Hi everyone, first post here. 

I have been looking into getting a portable (able to use it with no power cords) continuous light set up for exterior architectural photography.

Admittedly I'm sort of a novice when it comes to the equipment. I shot over an email to B&H and they replied back with this set up for 1,100 dollars
http://www.bhphotovideo.com/c/product/523167-REG/Photogenic_926495_AKC740BK_StudioMax_III_Two.html

Can anyone recommend a decent set up for what I'm looking for (mainly, low level residential buildings) and the ease of portability? 

Thank you in advance for the input.


----------



## Nimitz (May 20, 2008)

I think you may be confusing terms a bit. I'm not aware of any continuous lighting that does not have a power cord since that is what continuous lighting is - powerful daylight color temp (usually) lamps that you just plug into a socket. I think what you are talking about are mono light strobes.

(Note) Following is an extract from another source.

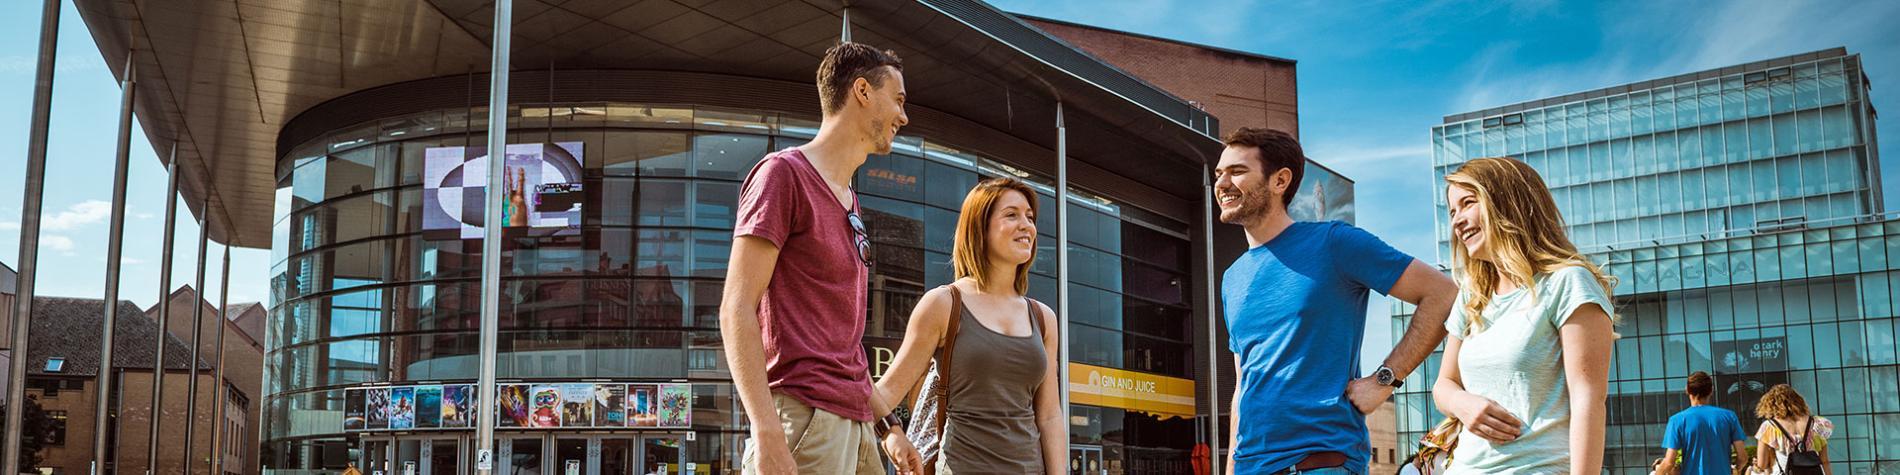 Louvain-la-neuve - Grand-place - couples

These are self contained studio strobes which do not require a power pack, are completely self-contained so that you can just plug them into a 110 outlet which makes them portable as well.

I have a set of 3 Alien Bee B800 mono lights which I use for my in-home pet portraits. These strobes need to be portable since I go to the client's home to do the portrait session with their pet.

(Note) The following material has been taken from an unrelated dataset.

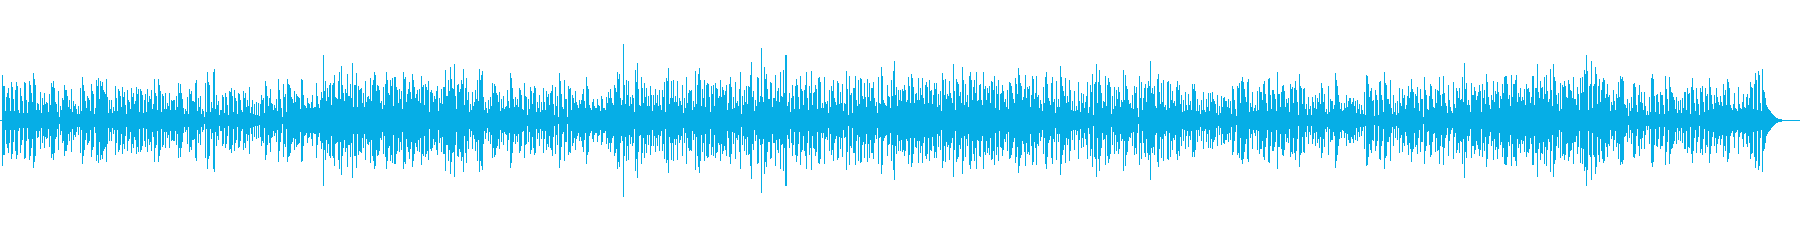 疾走感あふれるジャズの再生済みの波形

For the money I don't think you can buy a better mono light then Alien Bees (www.alienbees.com) . best of all you can call their customer service, discuss what you are trying to do & they will recommend the appropriate strobes. They are VERY helpul for first time strobe buyers ...

You said you are trying to shoot exterior buildings which brings up the question of enough power. How large of an area will you be shooting? You may find it very difficult & cost prohibitive to buy strobes powerful enough - or maybe I don't understand what you are trying to light?


----------



## Clover Black (May 20, 2008)

Ah, thanks for the input. Yeah, basically I'm trying to light exterior fronts of residential homes, 1 to 2 stories with enough light at a, say, dusk shot.

Maybe I'm thinking too much outside the box for a continuous light with out a power source (lol).


----------



## JamesD (May 20, 2008)

Many people find light at dusk almost ideal by itself.  Try setting up on a tripod and shooting available light.  You might like it, and it's free.


----------



## D-50 (May 20, 2008)

This is obvious but if you shoot with the sun to your back you're going to get great results. You could try combining layers as well to get both the house and surroudings properly exposed. I think lights that will evenly light a whole house are going to cost quite a bit and probably need a power cord.


----------



## Alfred D. (May 21, 2008)

Like the others suggested, Clover, lighting up the fronts of residential homes artificially is going to require motion picture set type lighting. _Thousands_ of wattseconds! Ditto dollars! Not to mention 3 assistants.
If I were you I'd dial down my ISO amap, get a sturdy tripod, possibly an ND filter or 2, learn the art of slow shutter speed exposures with available light, and then do magic with HDRI!
Simple really. 












And no amount of extra light that the photog could have brought to bear could have wrought this. Pure available light, excellent exposure, and professional level editing. HDRI to the max, of course.
It's a choice. But it _does_ demo the amount of control you can have over available light! It's up to you what you do with that control.


----------